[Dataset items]

== Segment start ==

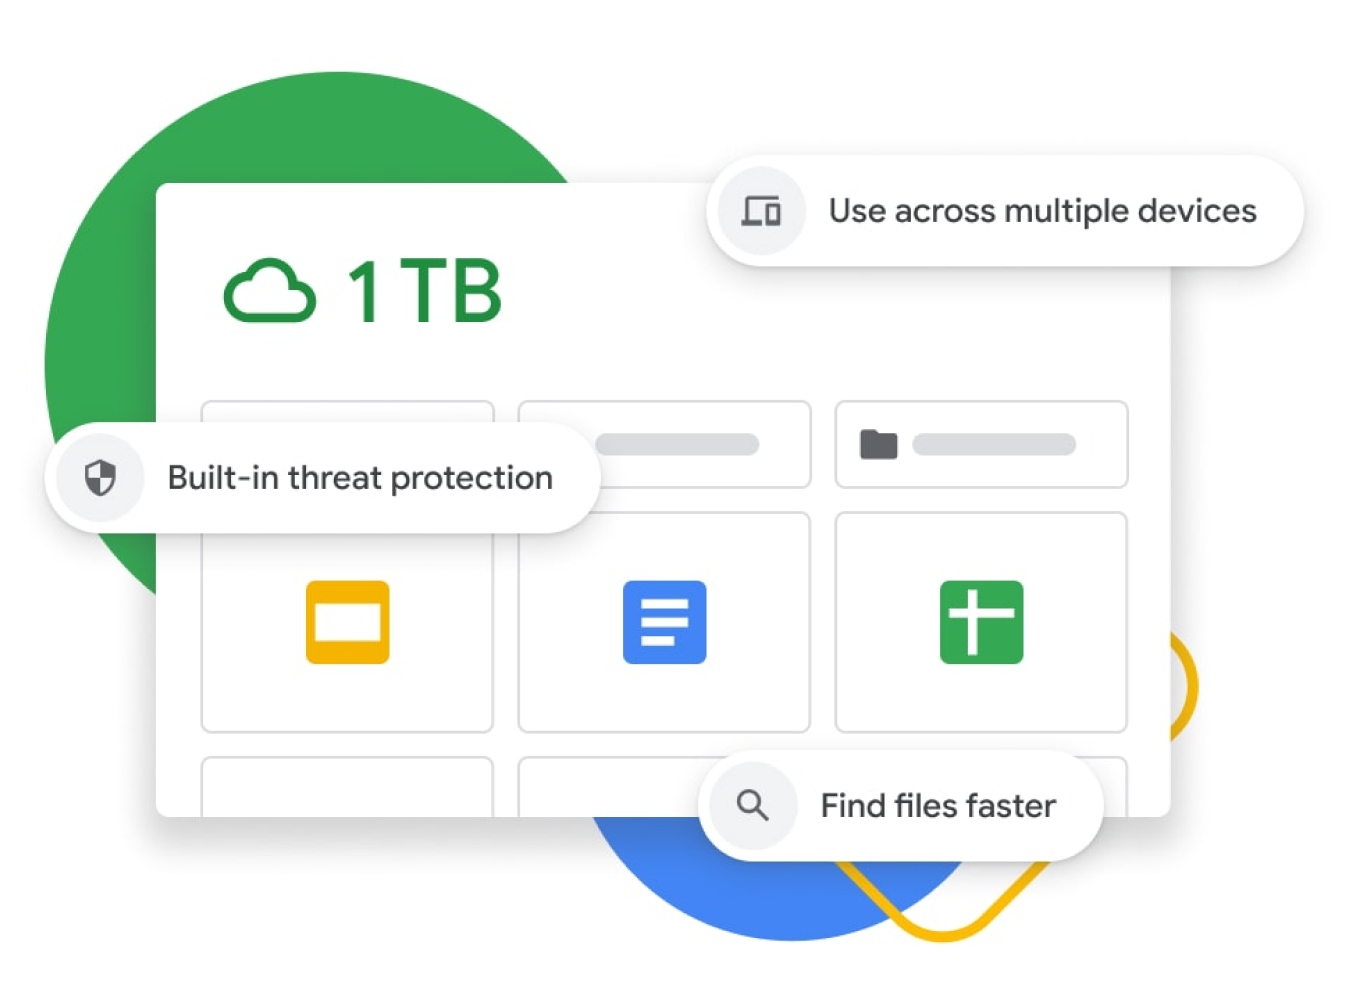 1TB의 저장용량, 내장된 위협 방지 기능, 여러 기기 동기화, 향상된 검색 기능을 갖춘 Google Drive 대시보드를 그래픽으로 나타낸 것입니다. 
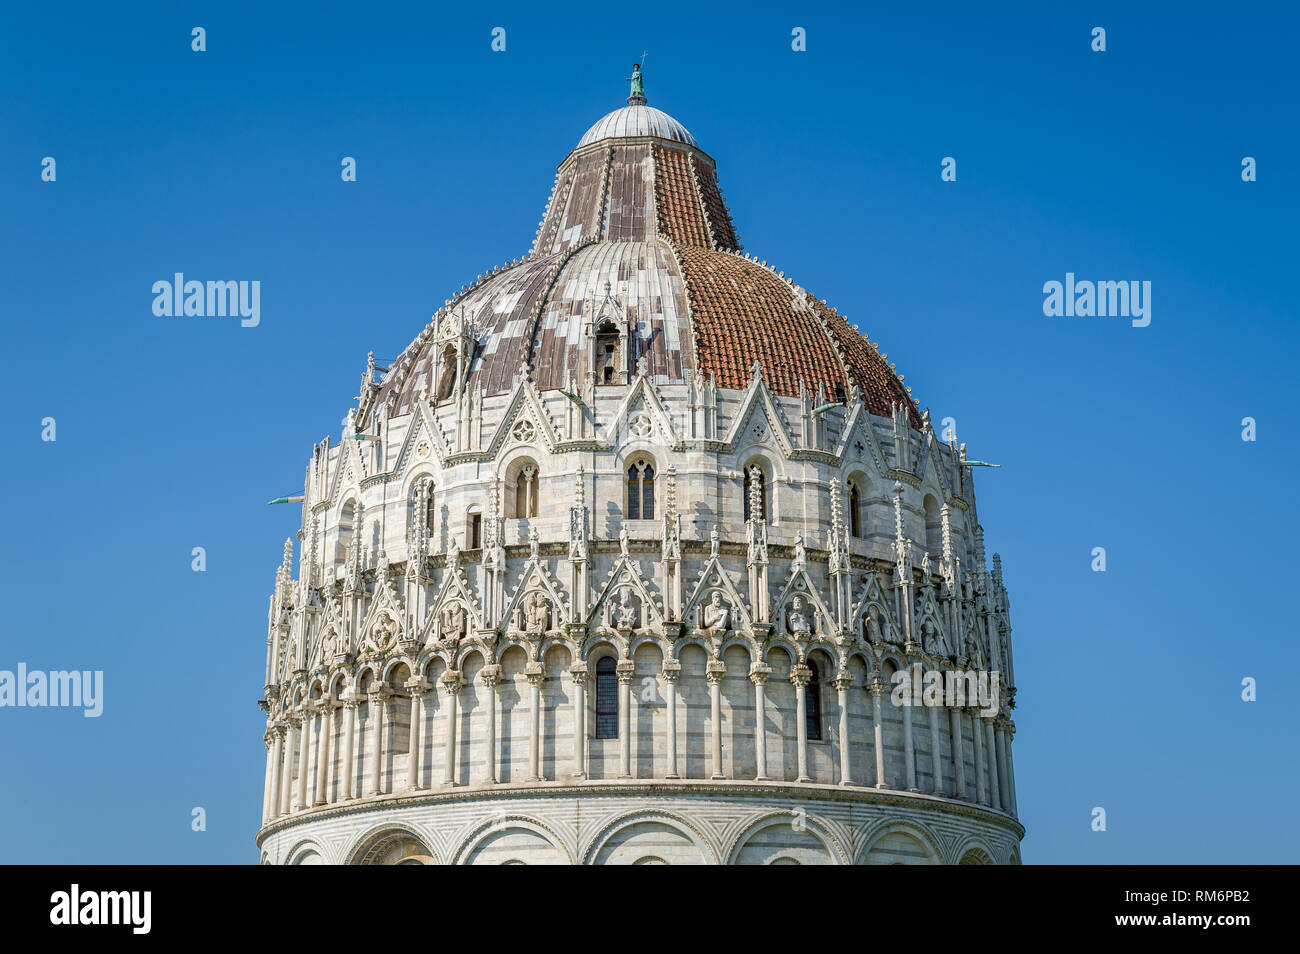 Pisa Baptistery heritage tower decoration close up photo. Tuscany region, Italy Stock Photo
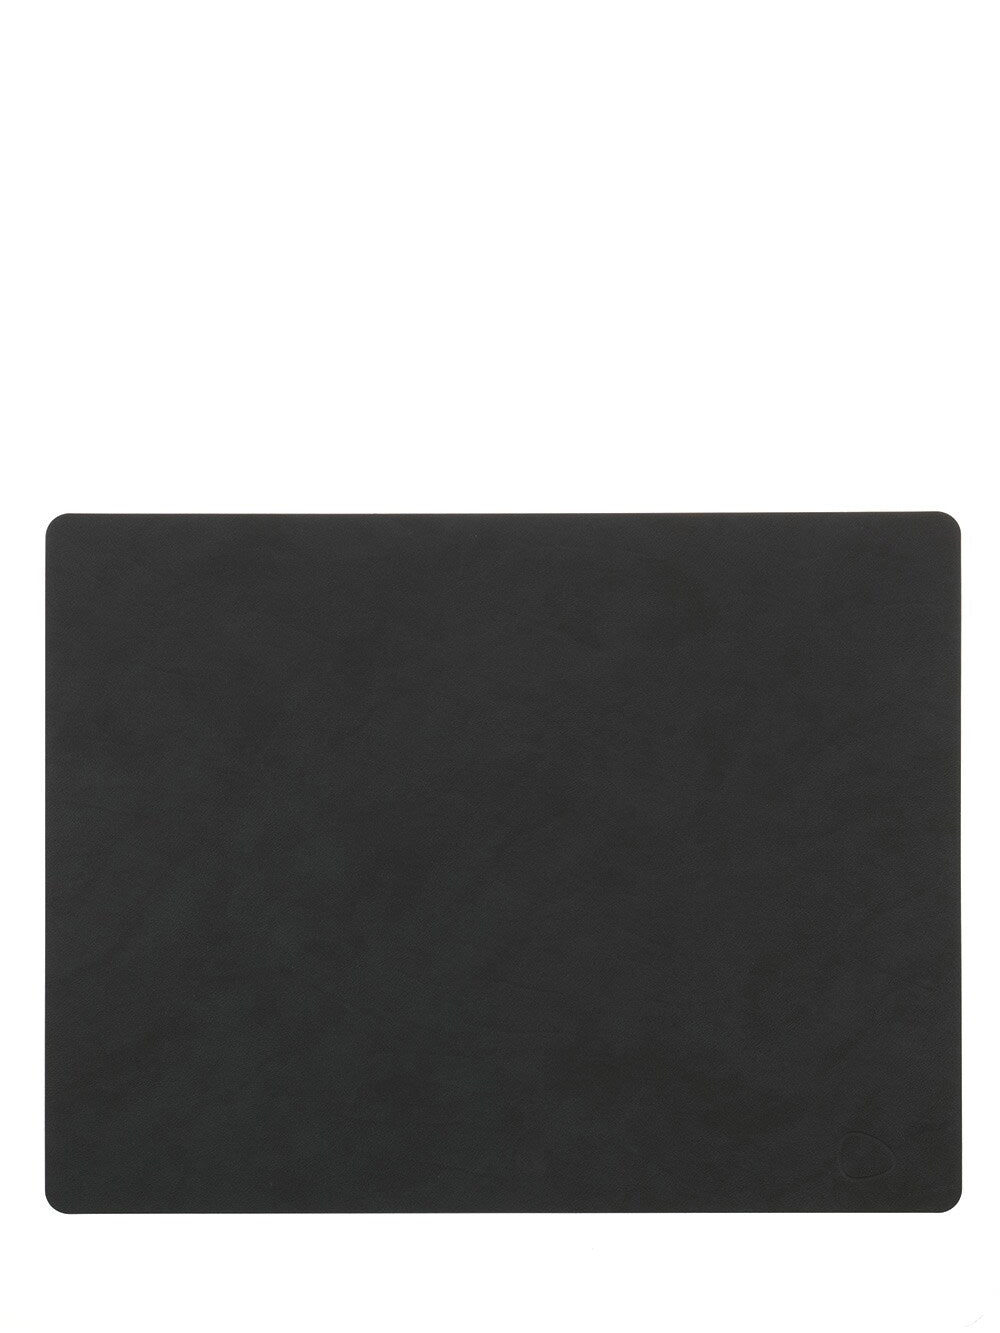 Leather Table Mat Square, black
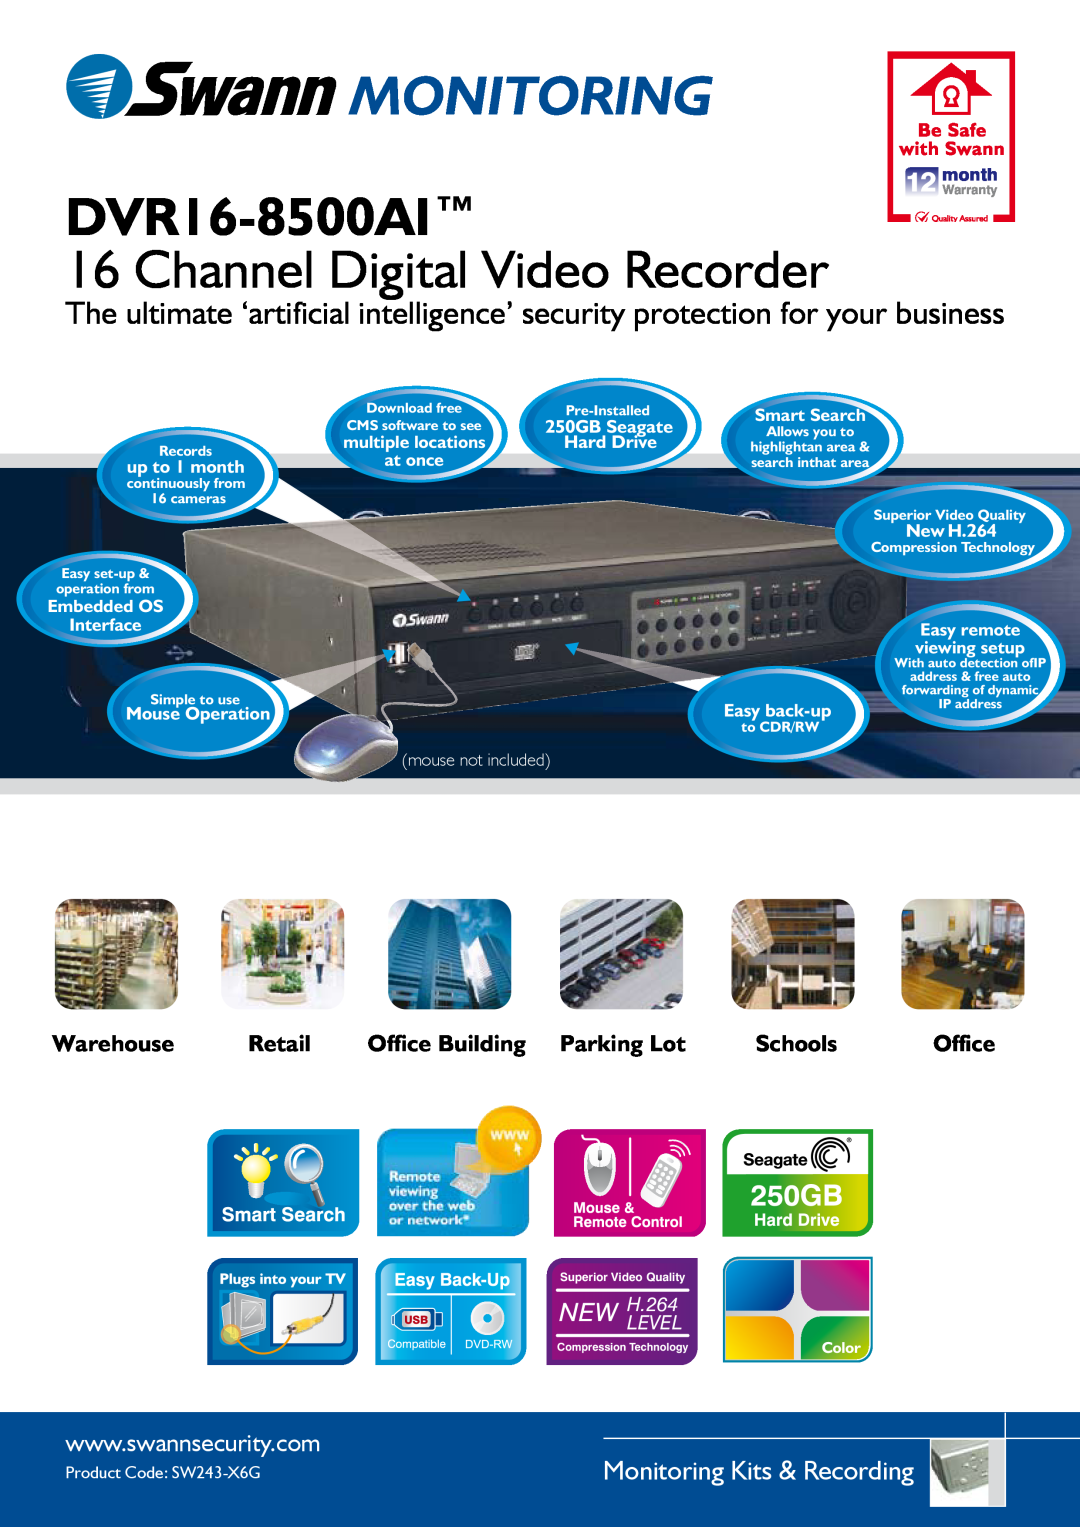 Swann SW243-X6G warranty Monitoring Kits & Recording, DVR16-8500AI, Channel Digital Video Recorder, Warehouse, Retail 
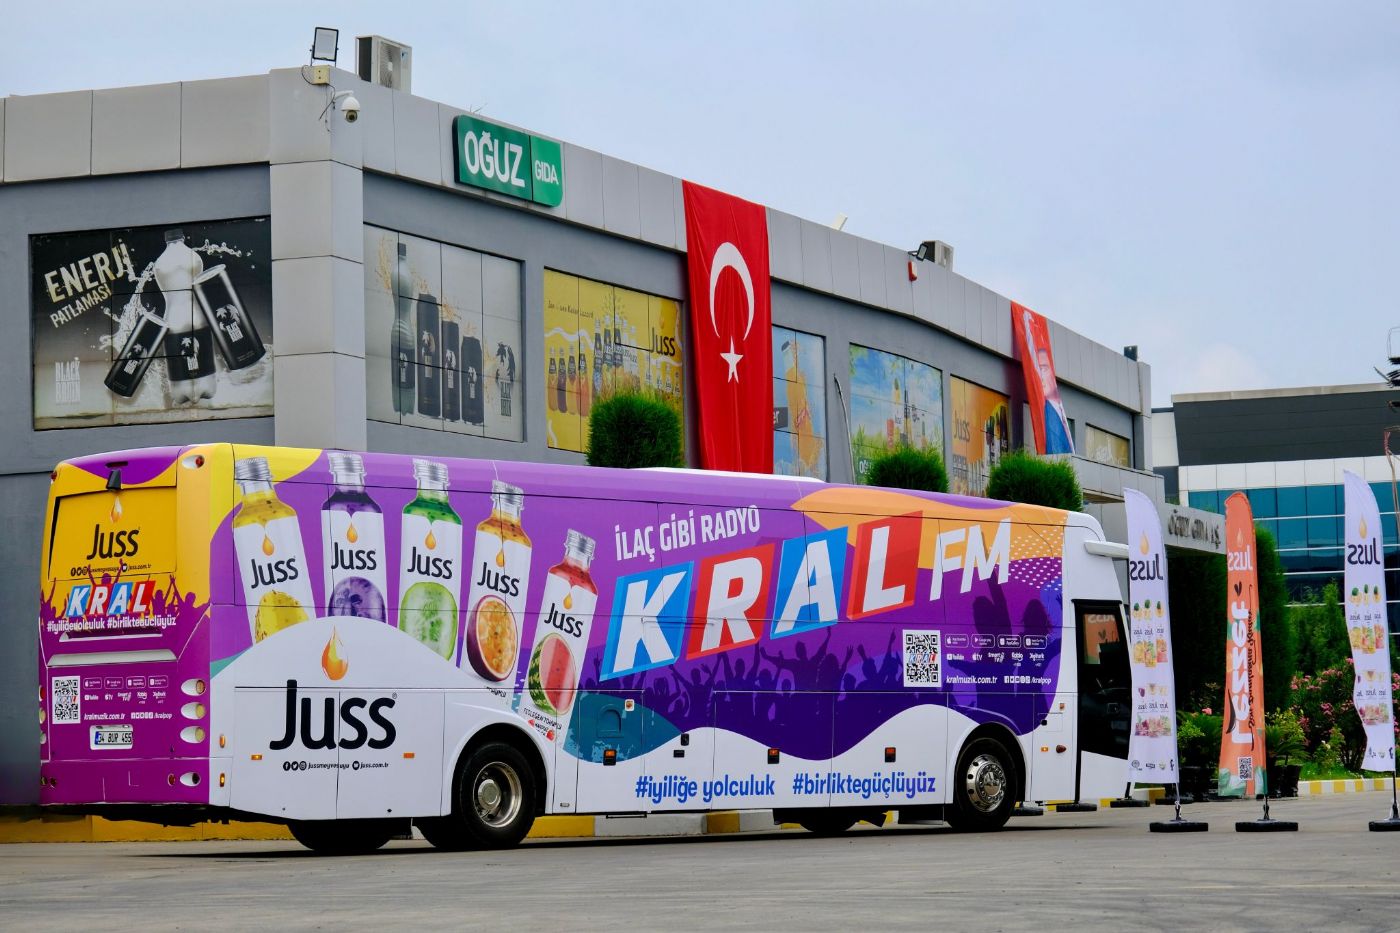 Juss Meyve Suları  Juss & Kral Fm journey to goodness
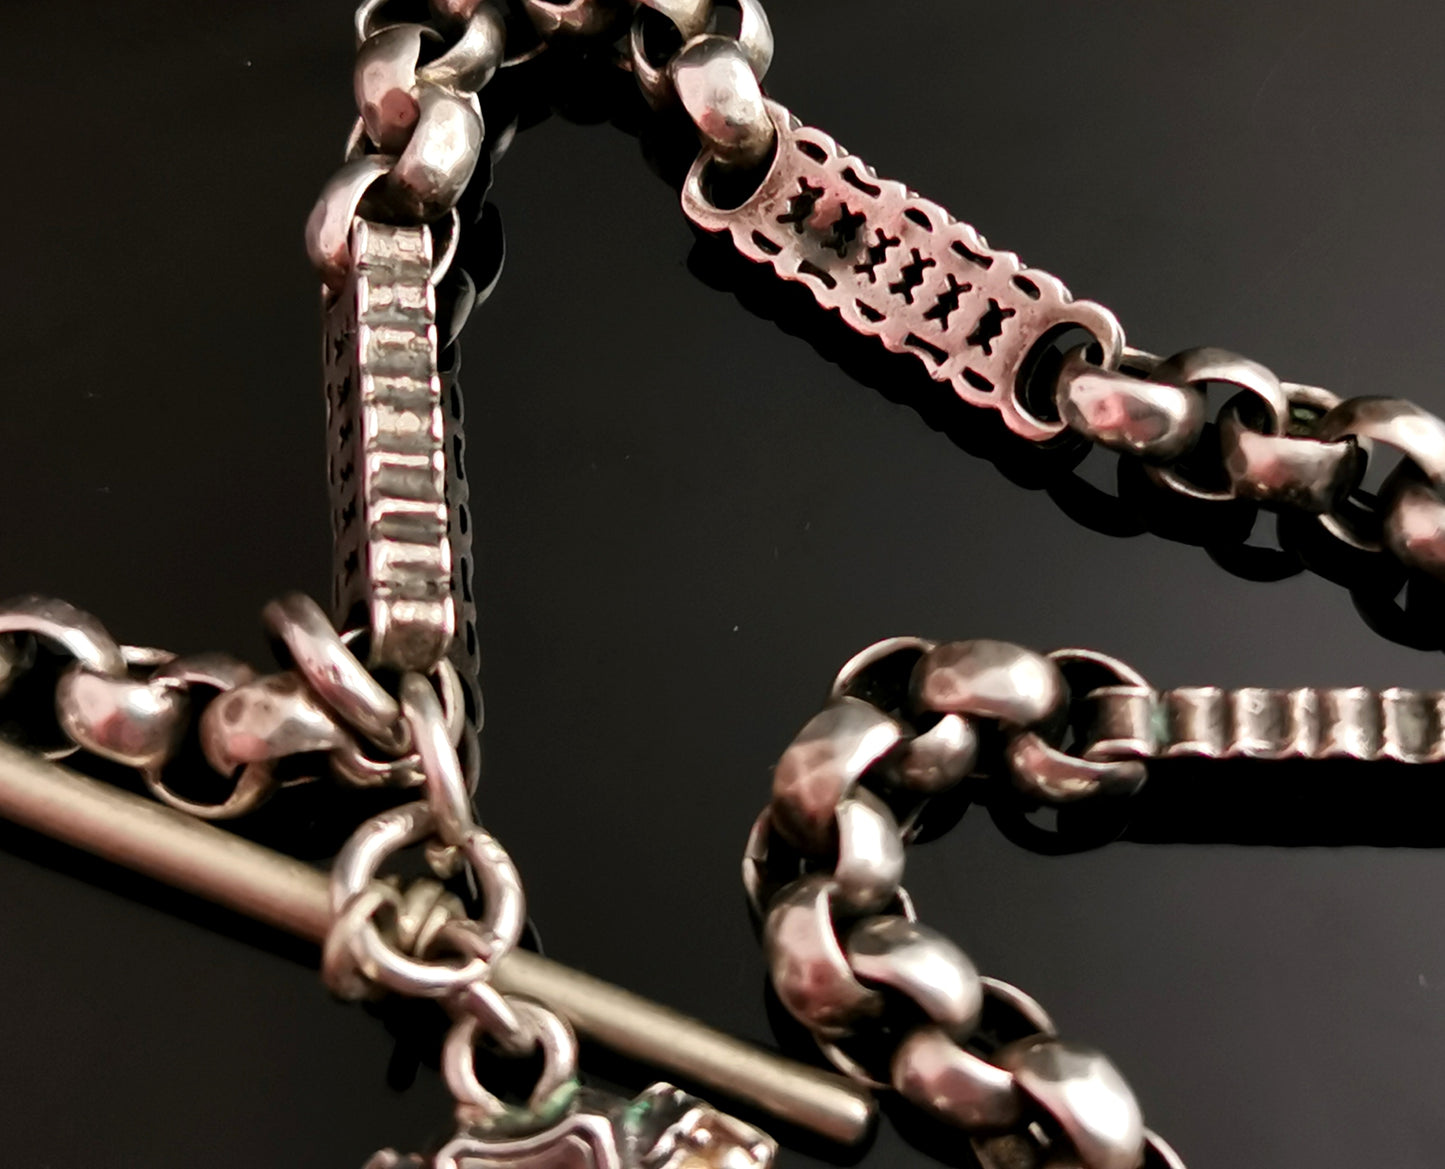 Antique silver Albert chain, Fancy link, Lion swivel fob, watch chain

== Segment end ==

EXERCISE> Repeat the data above in full and exactly. Omit every image.

TASK ANSWER>
 1TB의 저장용량, 내장된 위협 방지 기능, 여러 기기 동기화, 향상된 검색 기능을 갖춘 Google Drive 대시보드를 그래픽으로 나타낸 것입니다. 
 Pisa Baptistery heritage tower decoration close up photo. Tuscany region, Italy Stock Photo
 Leather Table Mat Square, black
 Swann SW243-X6G warranty Monitoring Kits & Recording, DVR16-8500AI, Channel Digital Video Recorder, Warehouse, Retail 
 Juss Meyve Suları  Juss & Kral Fm journey to goodness
 Antique silver Albert chain, Fancy link, Lion swivel fob, watch chain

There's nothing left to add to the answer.